Objective

The mixed method process of our project anci has a particular focus
on combinations of methodical approaches of image comparison.

In 1994, Gottfried Boehm propagated the iconic change in visual science. Today, the epistemological research of the digital image and its machine-readable numerical codes determines a central focus of visual humanities. This includes the methodical inquiry of innovative image recognition and analysis technologies such as computer vision and machine learning.

Our mixed methods research design grapples critically with these image technologies and/or the interplay of qualitative-hermeneutical and quantitative-algorithmic image analysis approaches from the fields of art and visual science as well as computer science.

In terms of content, the project named analysing networked climate images addresses the topic of climate change and its visual impact communication. Evident climate images that prominently represent and influence the current world view of climate change in its diversity between politics, science, art and popular culture are being compared and analysed for similarities with the help of so-called catch images or Bilderfahrzeuge (Aby Warburg).

Similarity is particularly interesting for our research, as it serves as a central method of image analysis in digital image data analysis as well as in art history and image science. Systematic and methodical becomes similarity important, when by finding commonalities, by properties in which things coincide, categories are set up that allow different groupings and clusters and thus statements about coherences of objectivity.

We methodically compare images of the climate on the Internet based on criteria of shape (e.g., formal similarities and color similarities), context similarity, and similarities of metadata. The similarities on the shape level promise a particular gain in knowledge as they are neither merely qualitative nor merely quantitative determined, but moreover have a central role in the analysis in all disciplines involved.

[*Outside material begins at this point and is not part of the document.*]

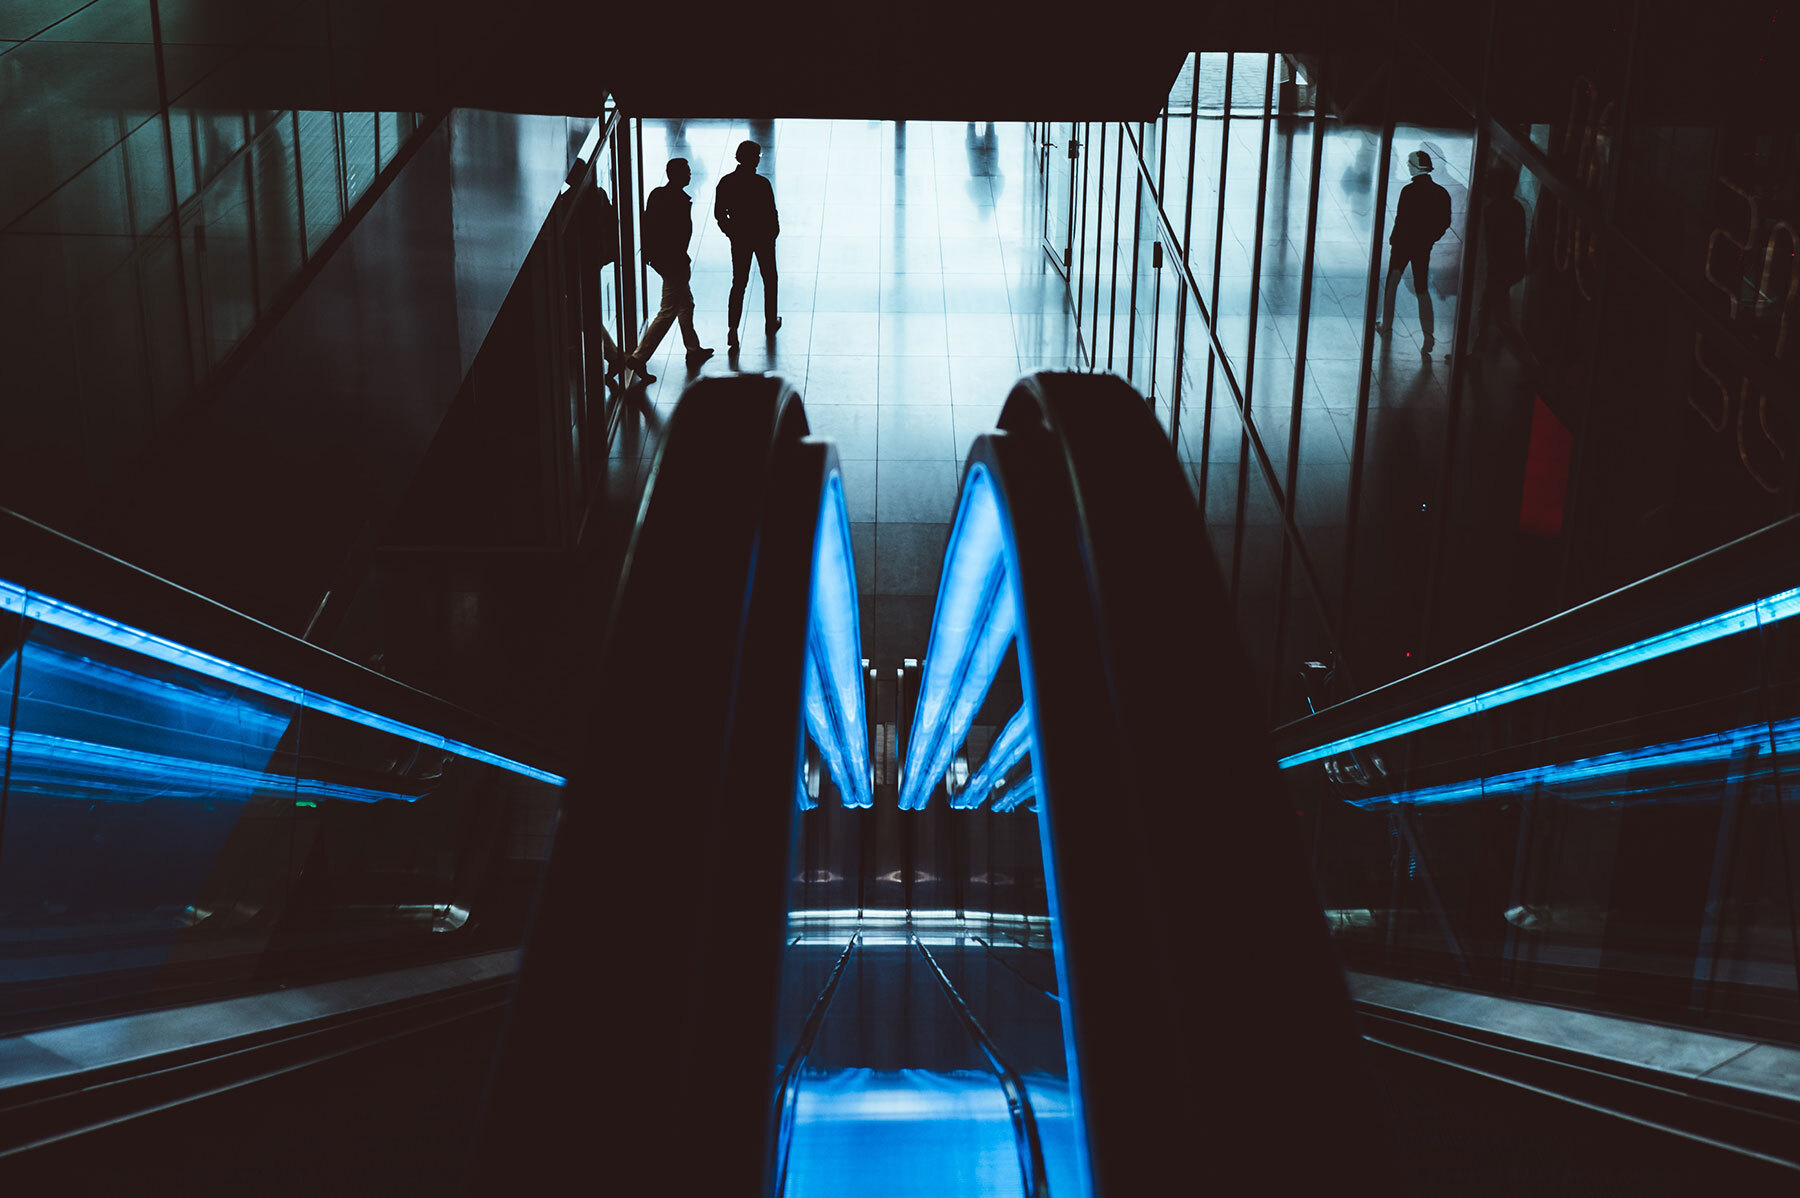 Escalator going down with silhouette of people in the background

We expect results of our project on three levels:

1 – At the level of algorithm-based research we will evaluate different similarity concepts for the analysis of images in the network using computer vision and neural networks.

2 – At the level of the subject (climate pictures), we want to gain new insights about which images are being spread and how and which types of images are used in connection with certain contexts.

3 – At the methodological level, we will engage in an intensive dialogue on the questions and answers that our approaches provide and systematically document and reflect on them broadly on a meta-level.